Does he bring in access to the different segments of Tamil Nadu political landscape that no one else has? If so, should this controversy not have arisen in the first place, owing to the good connections to the entire political spectrum? In short, he brings absolutely nothing to his office and the country he represents. He also does not have any diplomatic or any other public or private sector experience that would have injected sense and nuance into the present posting. His only qualification is the close political connection to the NPP through family.
This fiasco brings to mind some ideas I presented in 2024 in the government’s own newspaper, the Observer two weeks before the NPP government was established and about one month after President Dissanayake assumed office. Since those conditions still remain valid and the present incident raises the same alarm I raised then, I think it is worth reflecting on them yet again:
“During the last three decades, particularly during the Rajapaksa administration, Sri Lanka’s Foreign Service saw a significant nosedive … In real terms what this means is, the Foreign Service has been encroached by individuals purely based on their political and nepotistic connections, with little or no regard for requisite qualifications, expertise or experience. This is observed not only at ambassadorial level, but also right down to the junior levels in our overseas missions … The main reason for the sorry state of the Sri Lanka Foreign Service is that it has been problematically and parochially politicised over a long period of time, without any pushback … Political appointments are a serious problem. Due to the appointment of completely unqualified individuals on political patronage, there are very few intelligent and well-trained personnel in our embassies in the major cities of the world who are able to proactively work in the country’s interest, when problems arise at the global level. Furthermore, it is also not apparent if there are officials in the Ministry who can advise their unenlightened political superiors without fear and stand their ground on principle. This situation has come about as a matter of simple personal survival and bread-and-butter purposes, owing to which both the larger interest of the Service and self-respect of officers have been clearly compromised.”
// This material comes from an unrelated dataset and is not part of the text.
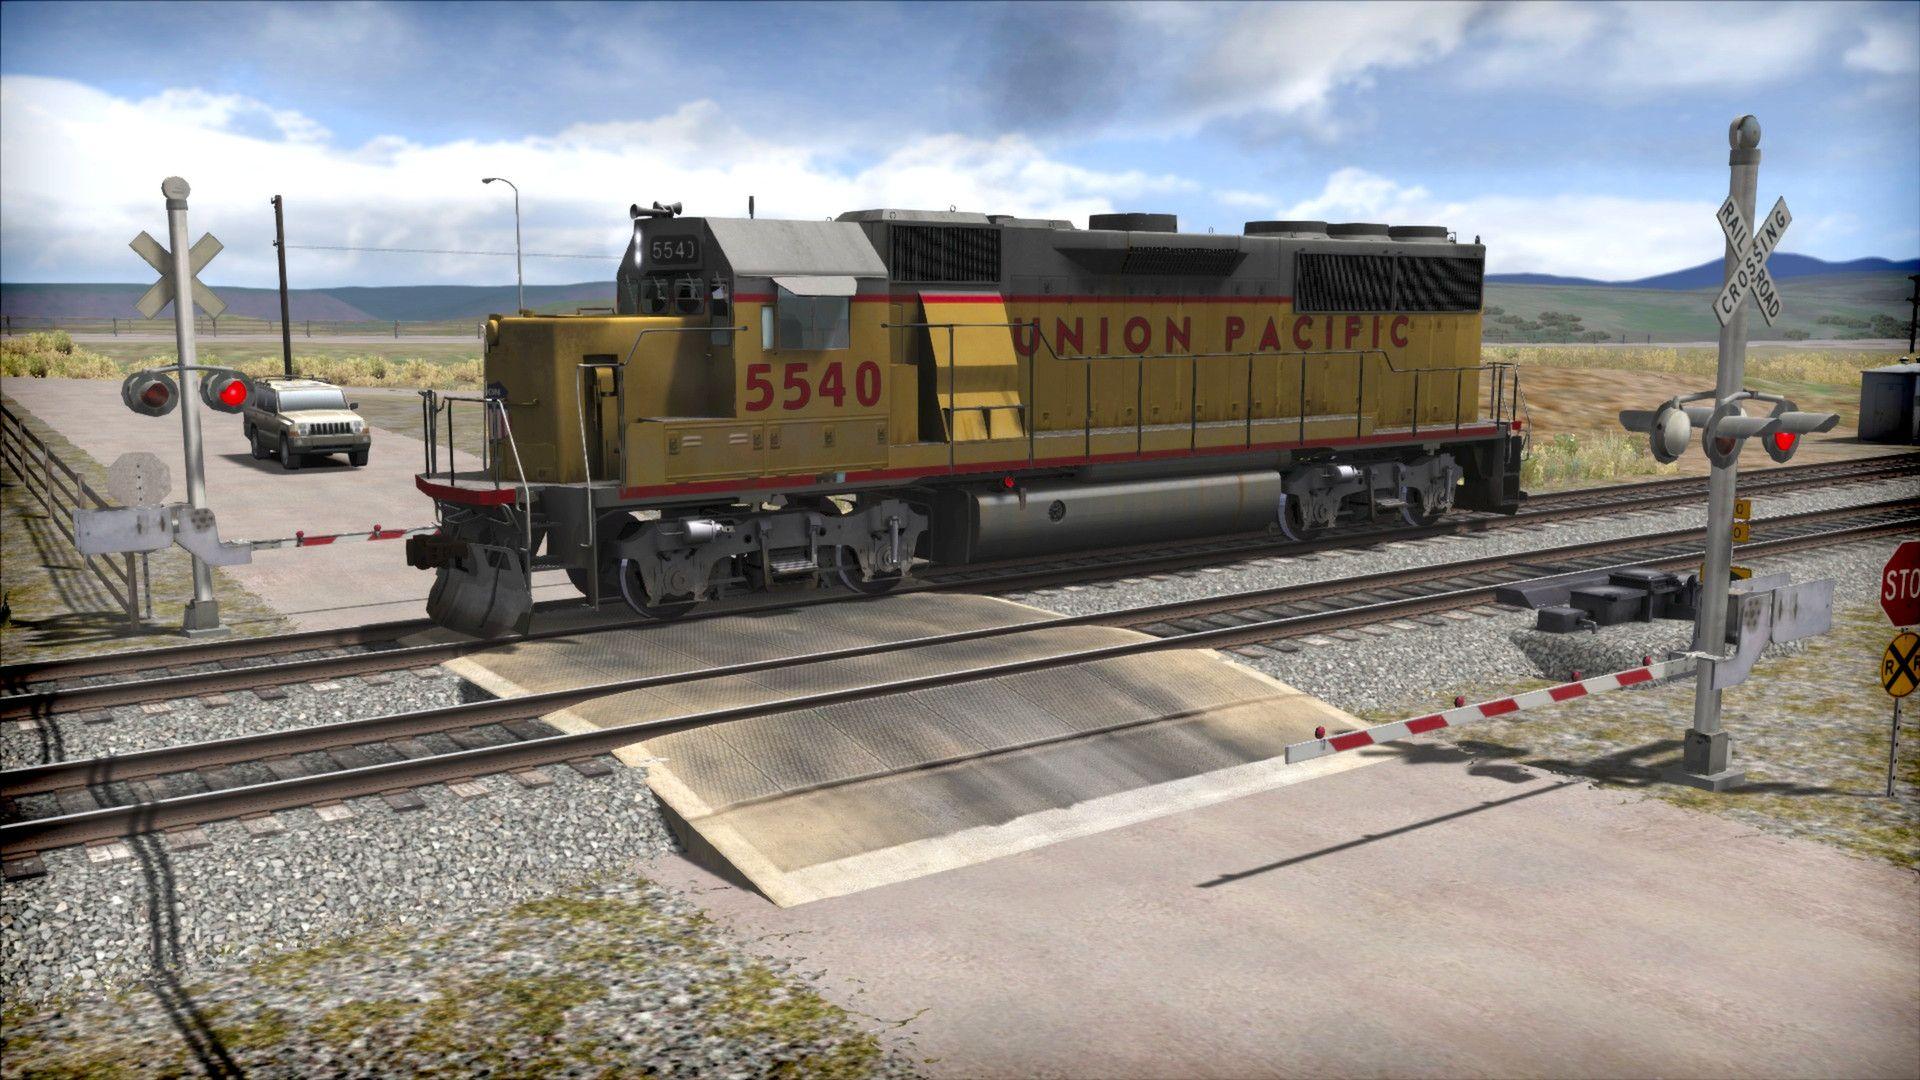 UPGP505

Is this not what the Chennai incident also indicates? Geathiswaran being a wrongful appointment is one matter. But it also appears that he did not even have the common sense to seek advice before the meeting in Puducherry or such advice was simply not forthcoming or heeded, as political appointees are generally considered a know-it-all bunch who have the ears of the political hierarchy, and therefore above the norms and regulations that apply to mere career officials.
For many of us the advent of the NPP to power signified the dismantling of the culture of political patronage in which diplomatic postings were rewards for loyalty and friendships. It took less time for the present government than others to go against its own repeatedly stated pre-election positions and to stuff the Foreign Service with incompetent individuals. The present fiasco authored by one of these appointees exemplifies the consequences of this continuing malpractice.
Let me leave readers and government apologists with the words of Tom Nichols, former professor at the U.S. Naval War College about Trumpian ambassadorial appointments, as this applies to our country too: “[With some of his ambassador choices], Trump has elevated diplomatic incompetence to an art.”
Sri Lanka just might outdo the mighty US President on this score.